-------- Stored data --------

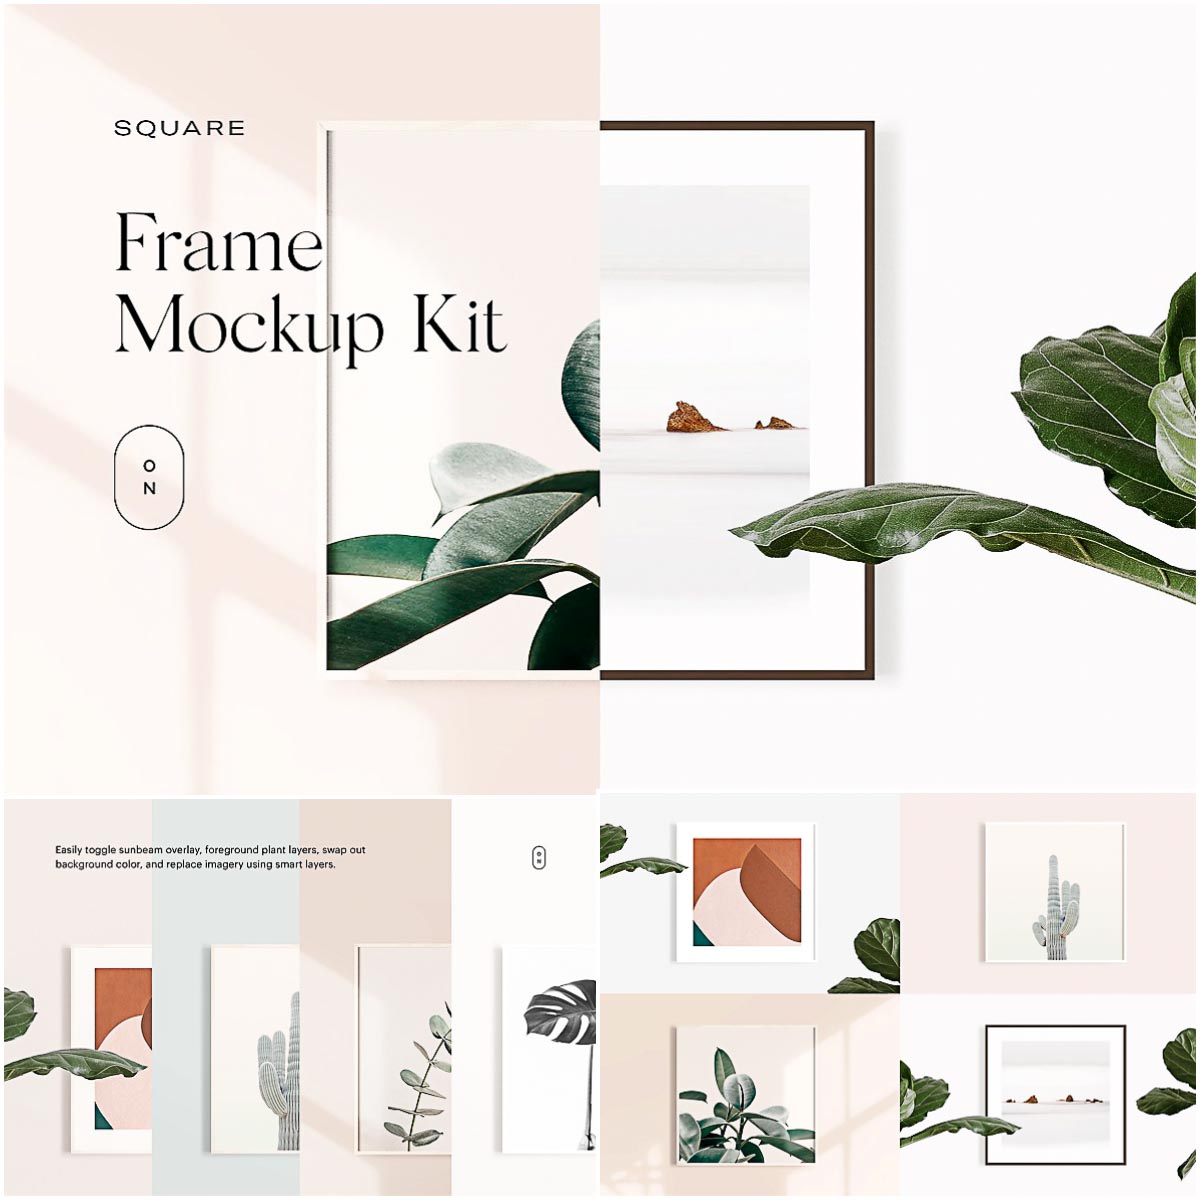 Square Frame Mockup Kit | Free download
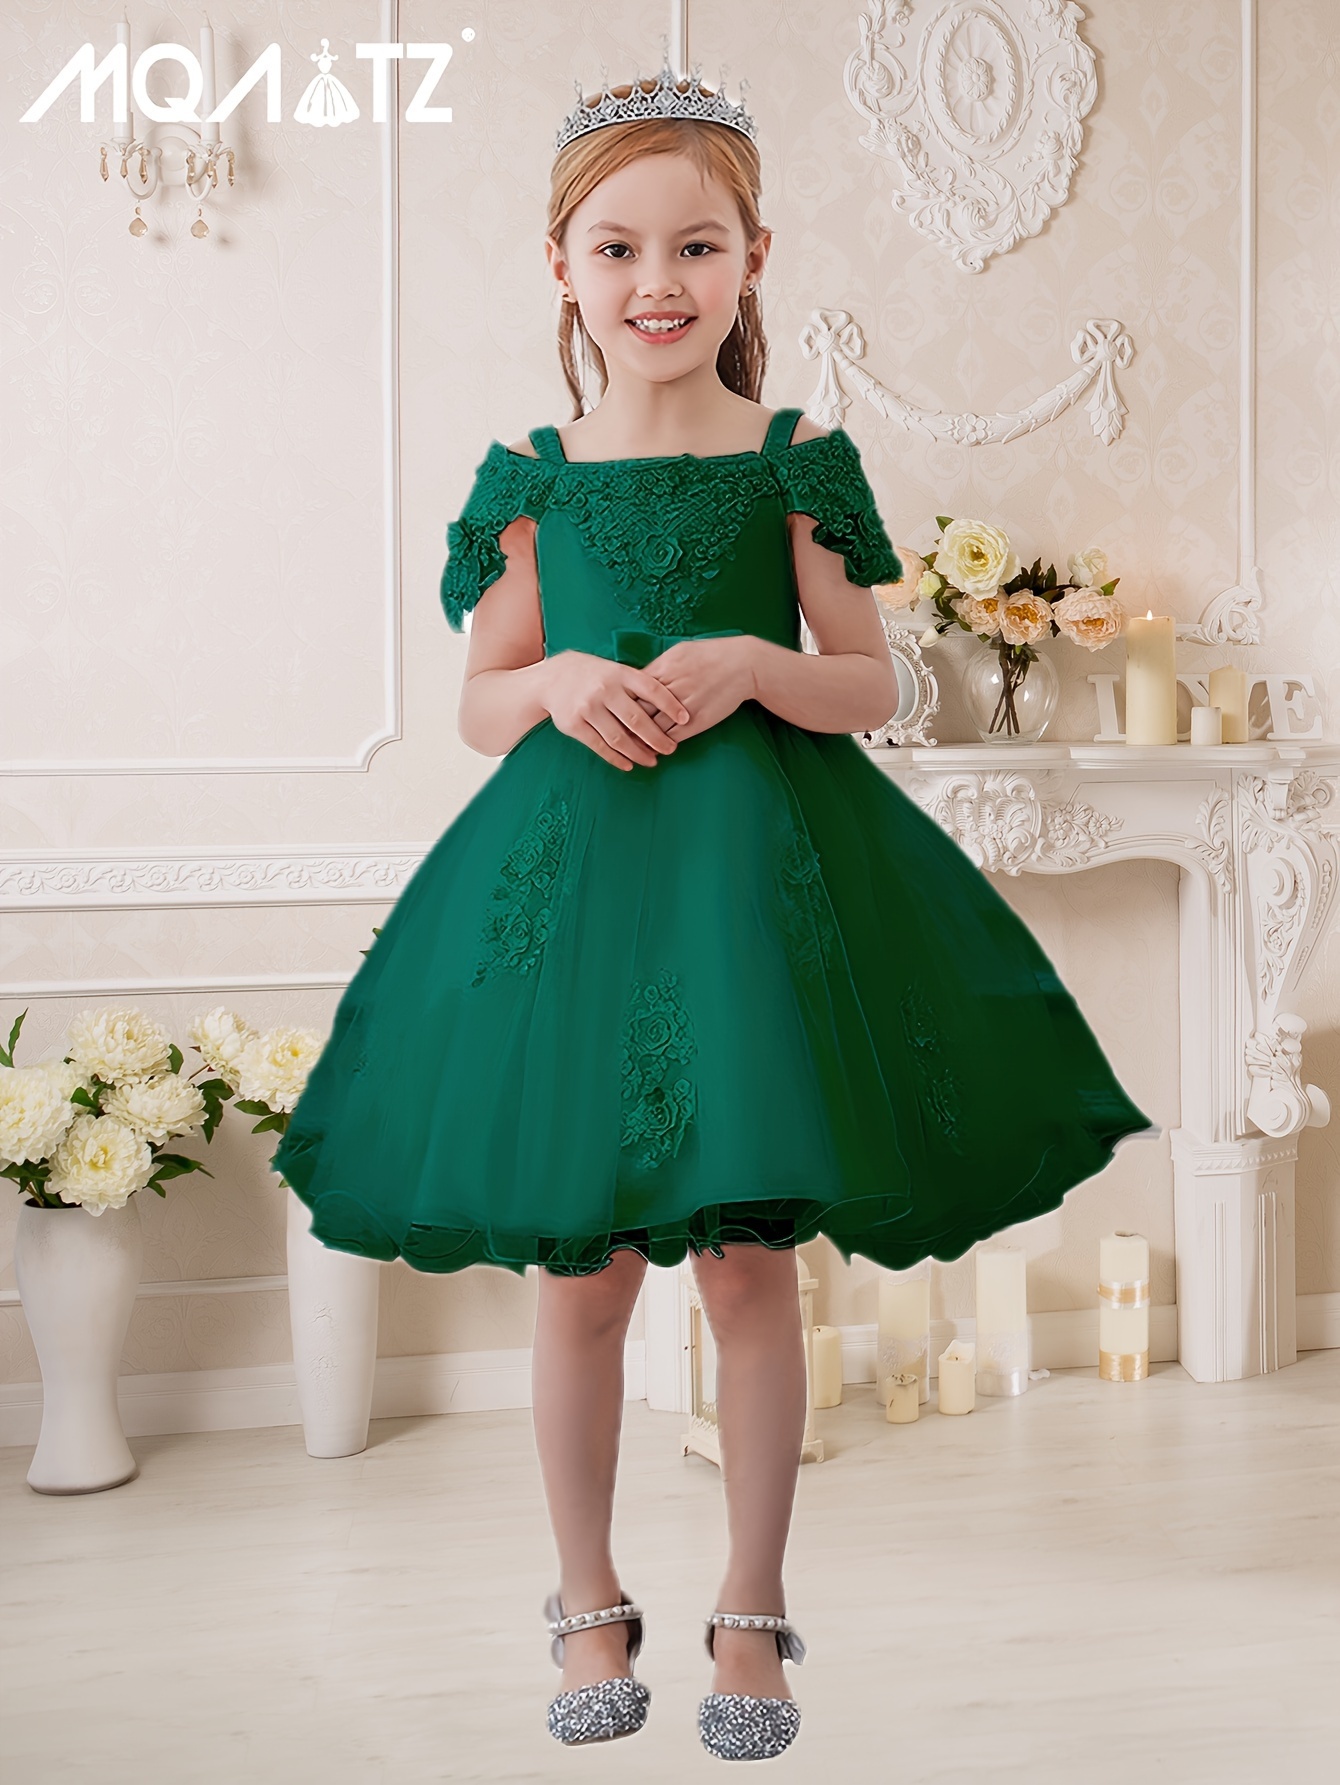 36 Best Princess dresses for kids ideas  flower girl dresses, girls dresses,  pageant dresses
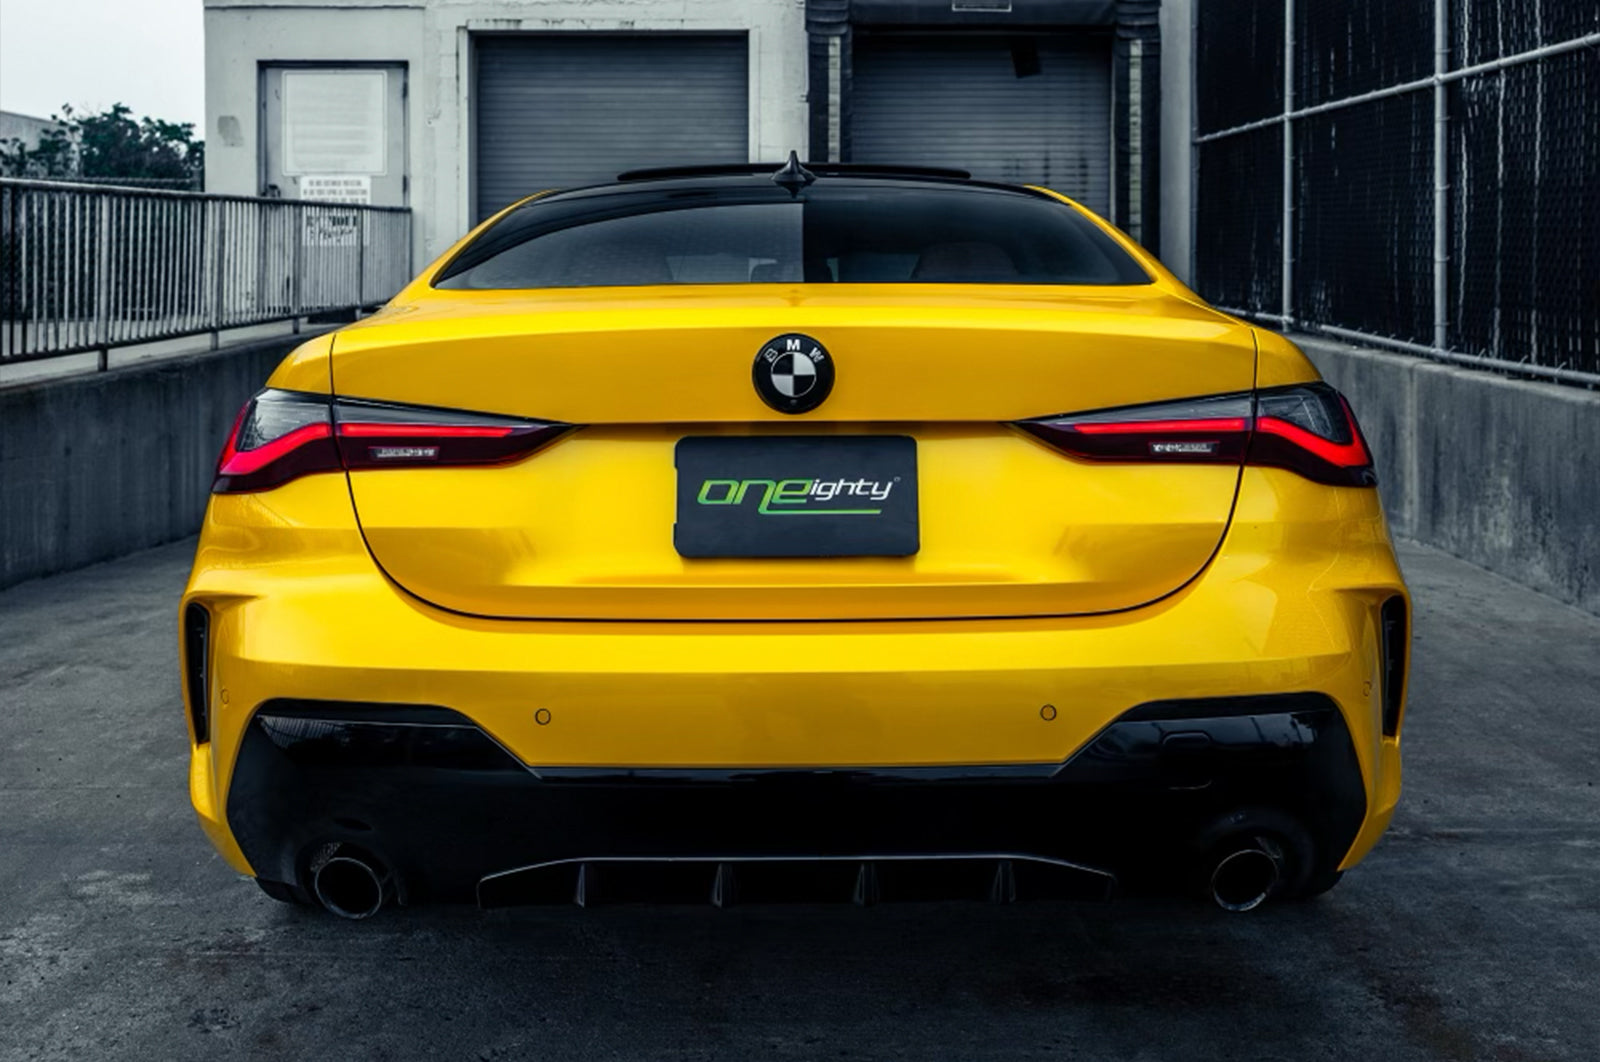 BMW G80 - Supergloss Metallic Dandelion Yellow
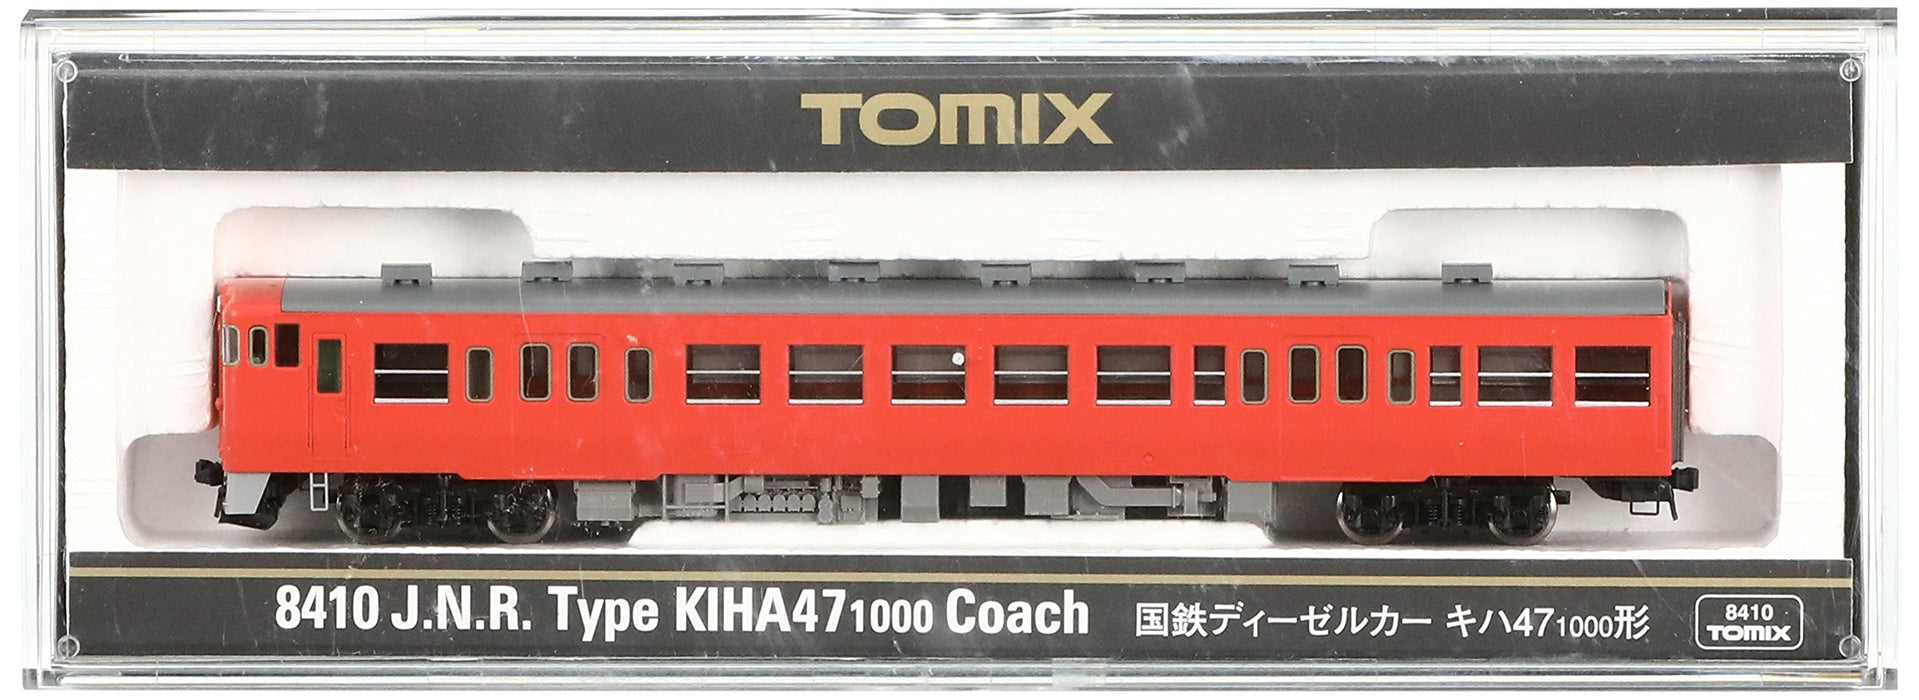 Tomytec Tomix N Gauge Kiha47 1000 Type 8410 Modèle de voiture ferroviaire diesel

--------

Everything in the listing must be restated word for word, except for the pictures.

 Square Frame Mockup Kit | Free download
 36 Best Princess dresses for kids ideas  flower girl dresses, girls dresses,  pageant dresses
 BMW G80 - Supergloss Metallic Dandelion Yellow
 Tomytec Tomix N Gauge Kiha47 1000 Type 8410 Modèle de voiture ferroviaire diesel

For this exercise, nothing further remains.